The Federal Circuit said that this was the incorrect legal standard. The test for indefiniteness is whether the claims, viewed in light of the specification and prosecution history, inform those skilled in the art about the scope of the invention with reasonable certainty. The Federal Circuit said that the test is not merely whether a claim is susceptible to differing interpretations, as such a test would render nearly every claim term indefinite so long as a party could manufacture a plausible construction. The Federal Circuit held that “configured to” does not render the claims indefinite.
Several of the claims included the limitation “means for generating” a paresthesia-free or non-paresthesia-producing therapy signal. The district court determined that there was not an adequate disclosure of a corresponding structure in the patent specification and sua sponte held the claims indefinite.
The Federal Circuit noted that the specification clearly recites a signal or pulse generator, not a general-purpose computer or processor, as the structure for the claimed “generating” function. The Federal Circuit furtner noted that the specification teaches further how to configure the signal generators to generate and deliver the claimed signals using the recited parameters, clearly linking the structure to the recited function. The Federal Circuit reversed the finding of indefiniteness.

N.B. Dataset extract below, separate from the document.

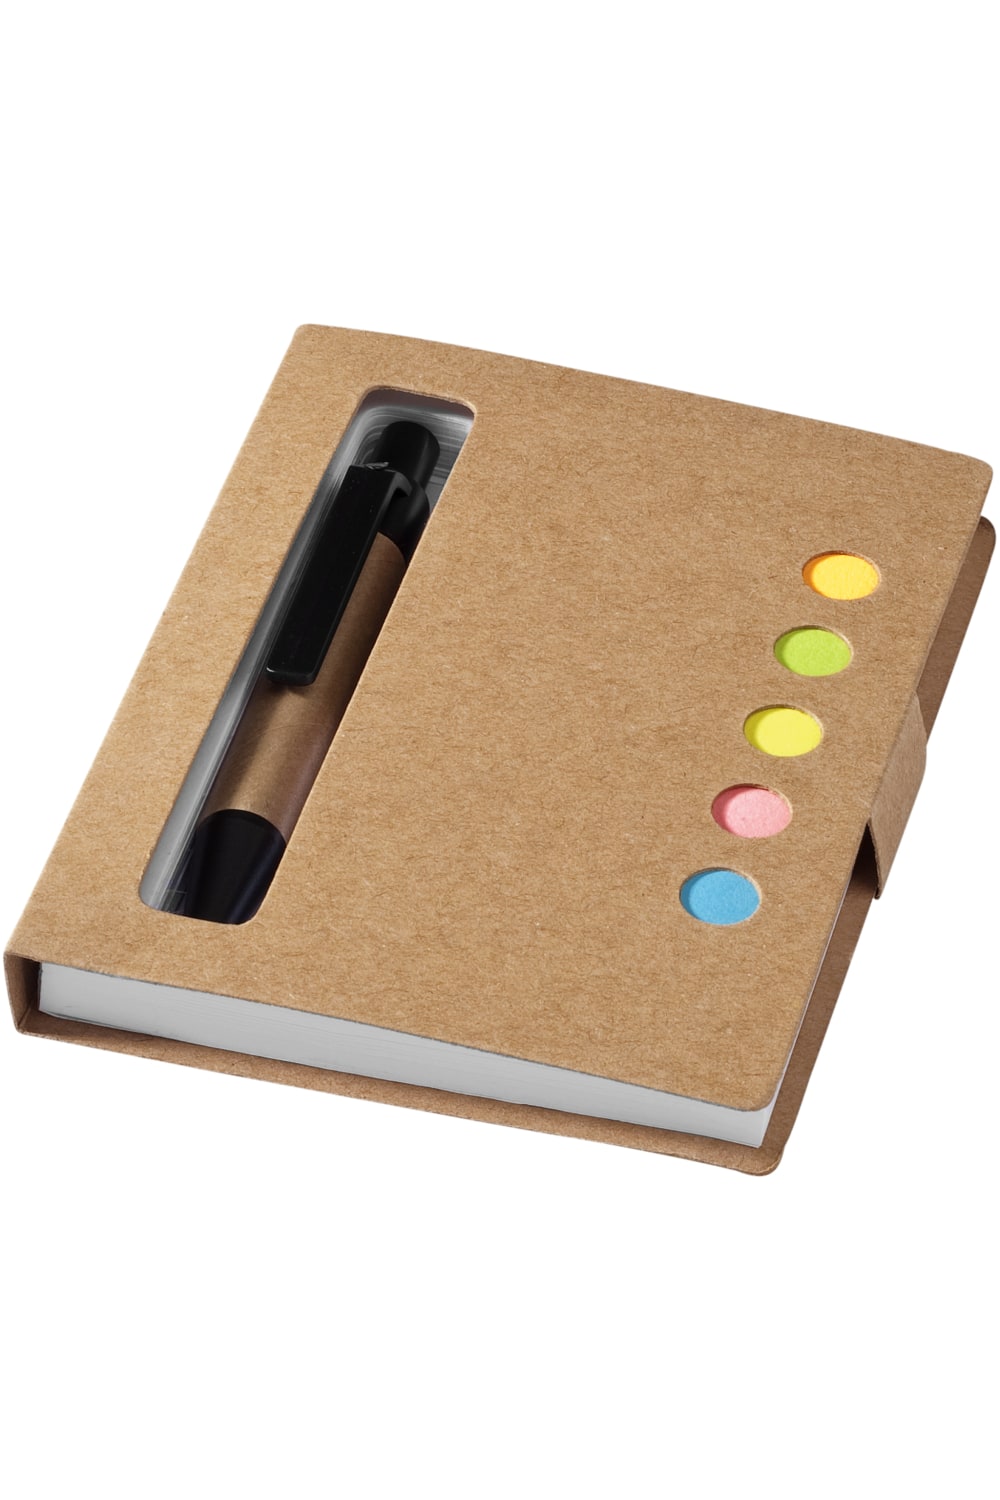 Bullet Reveal Sticky Notes Book And Pen (Natural) (4.1 x 3.1 x 0.4 inches)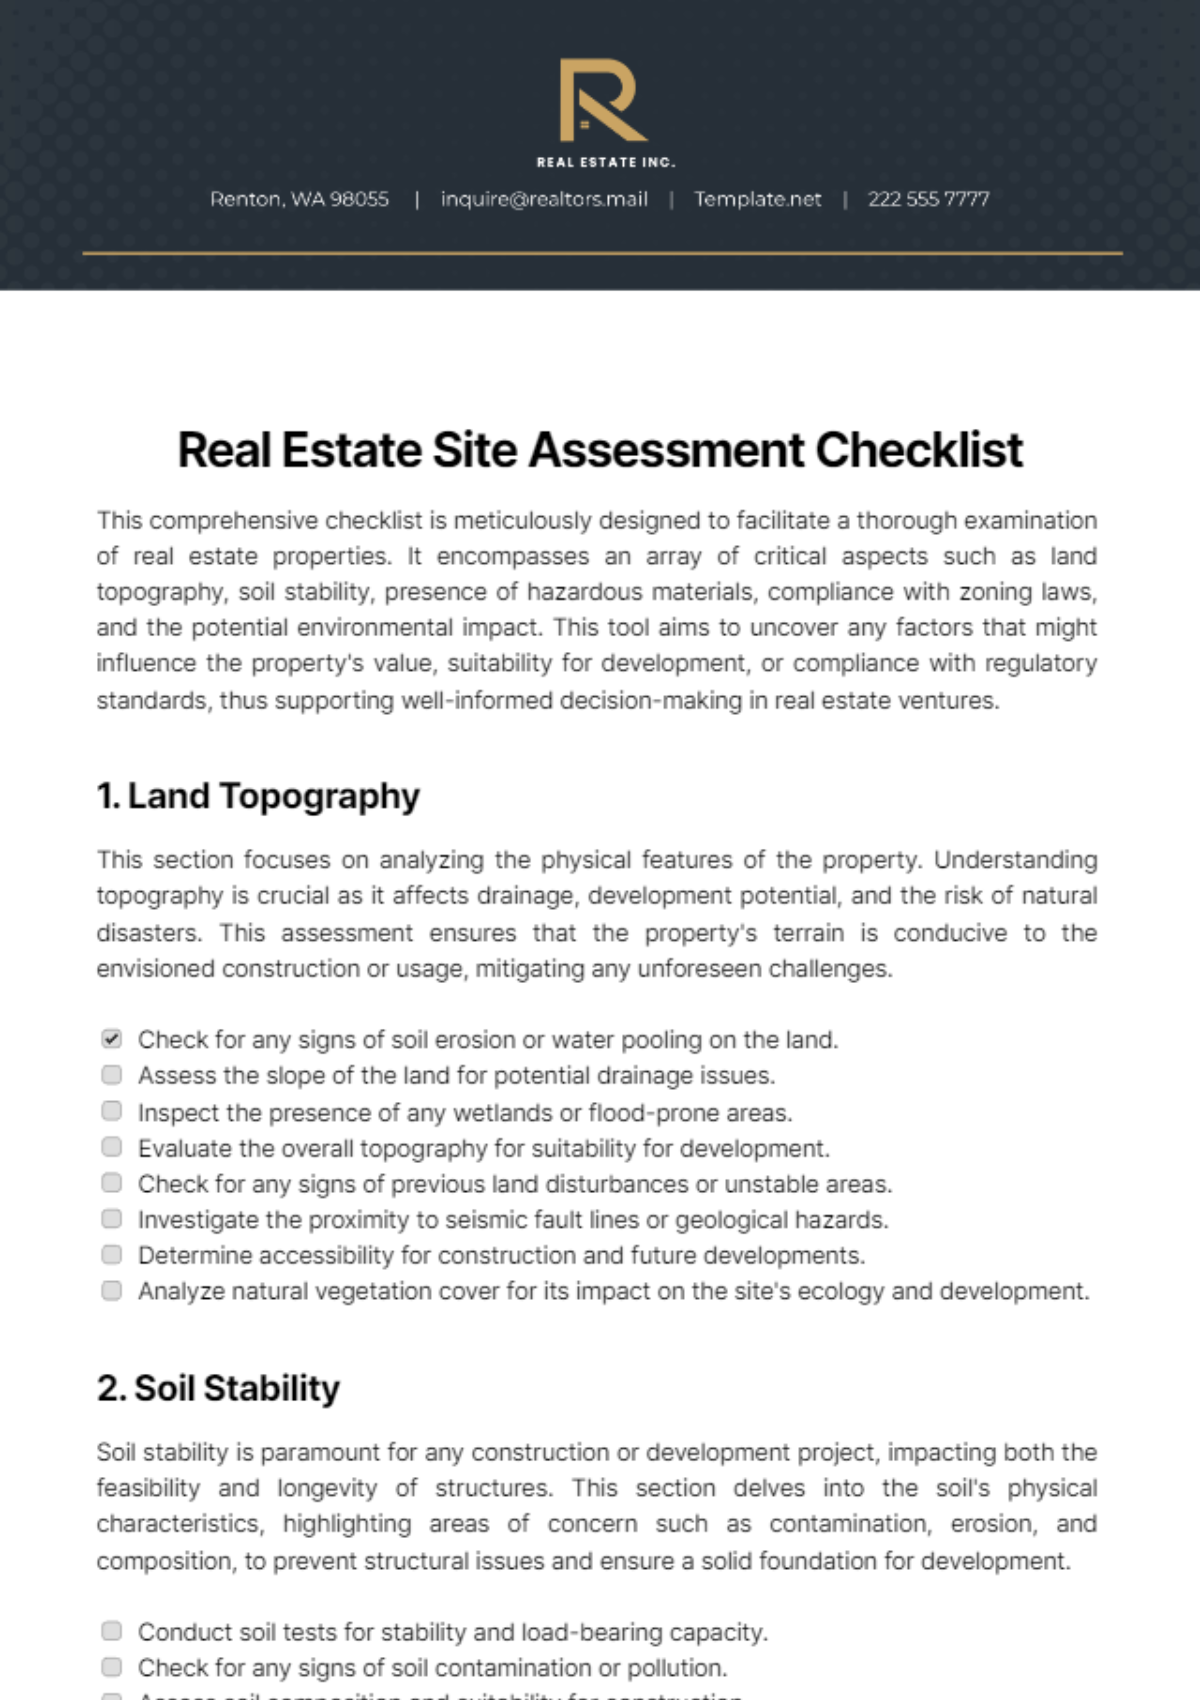 Real Estate Site Assessment Checklist Template

Finally, all but four of the claims used the term “therapy signal,” which the district court construed as an “electrical impulse” or “electrical signal,” but which the patent owner argued meant “a spinal cord stimulation or modulation signal to treat pain.”
The Federal Circuit disagreed that the specification met the exacting standard of define “therapy signal” as the Federal Circuit found. The Federal Circuit also rejected the argument that the language was indefinite, holding that the fact that a signal does not provide pain relief in all circumstances does not render the claims indefinite. The Federal Circuit held that the district court incorrectly construed the claim, but correctly determined that the claim was not indefinite.